Hmm. Basically you're saying that

    template<class T>
    struct atomic<shared_ptr<T>> {
        shared_ptr<T> load() const noexcept; // memory order omitted for
simplicity
    };

    atomic<shared_ptr<T>> source;
    shared_ptr<T> dest;
    dest = source.load(); // THIS LINE

is slower than necessary whenever `dest == source.load()`. If that's a
common situation, then we could speed up the common case with a new method
such as:

    template<class T>
    struct atomic<shared_ptr<T>> {
        shared_ptr<T> load() const noexcept; // memory order omitted for
simplicity
        void load_into(shared_ptr<T>& dest) const noexcept; // memory
order omitted for simplicity
    };

    atomic<shared_ptr<T>> source;
    shared_ptr<T> dest;
    source.load_into(dest); // THIS LINE

This strikes me as the sort of thing that must already be possible,
somehow, but I admit I don't see how to achieve it without a new method.

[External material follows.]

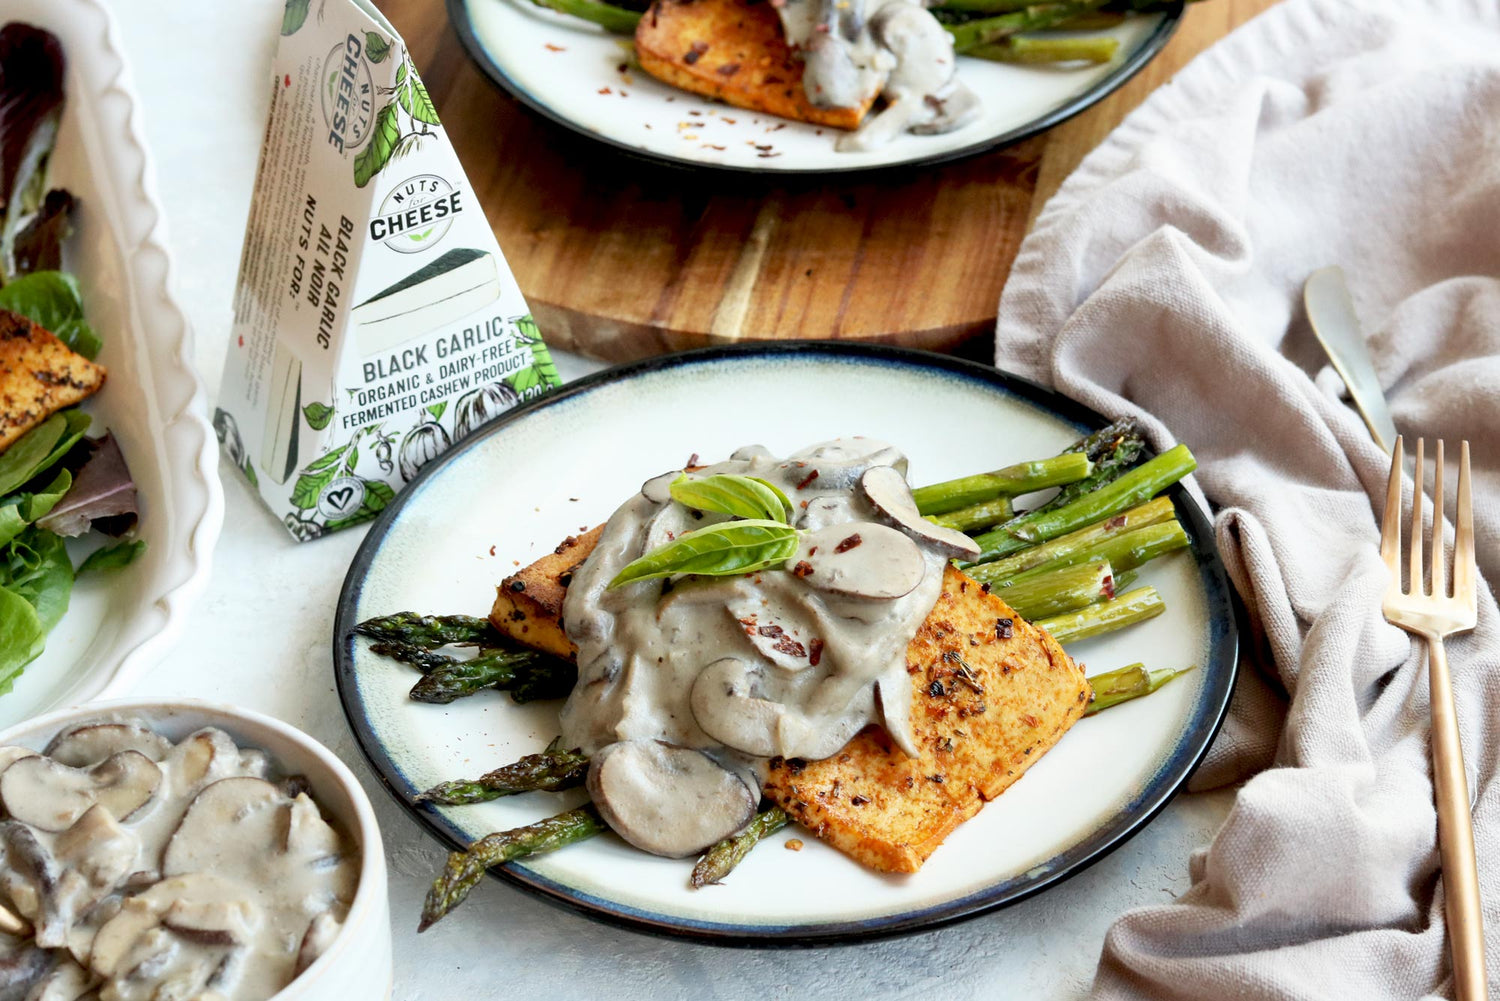 Plate of cooked asparagus topped with a smoked tofu steak and drizzled with a dairy-free black garlic mushroom gravy. Served next to a box of dairy-free black garlic cheese and an extra bowl of vegan mushroom gravy.

I also observe that in theory the same optimization could be useful for
`shared_ptr::operator=(const shared_ptr&)` itself: if the dest is already
equal (and owner_equal too) to the source, then we don't need to mess with
its refcount. OTOH, maybe the cost of a branch-predict is worse than the
cost of a redundant atomic increment/decrement cycle. In practice I observe
that libstdc++ does the optimization and libc++ doesn't.
https://github.com/gcc-mirror/gcc/blob/master/libstdc%2B%2B-v3/include/bits/shared_ptr_base.h#L1079-L1092
https://github.com/llvm/llvm-project/blob/main/libcxx/include/__memory/shared_ptr.h#L671-L674

Have you tried implementing your idea in whatever atomic<shared_ptr<T>>
library you currently use? Does it actually produce a performance boost?

my $.02,
–Arthur

Received on 2024-08-25 15:45:38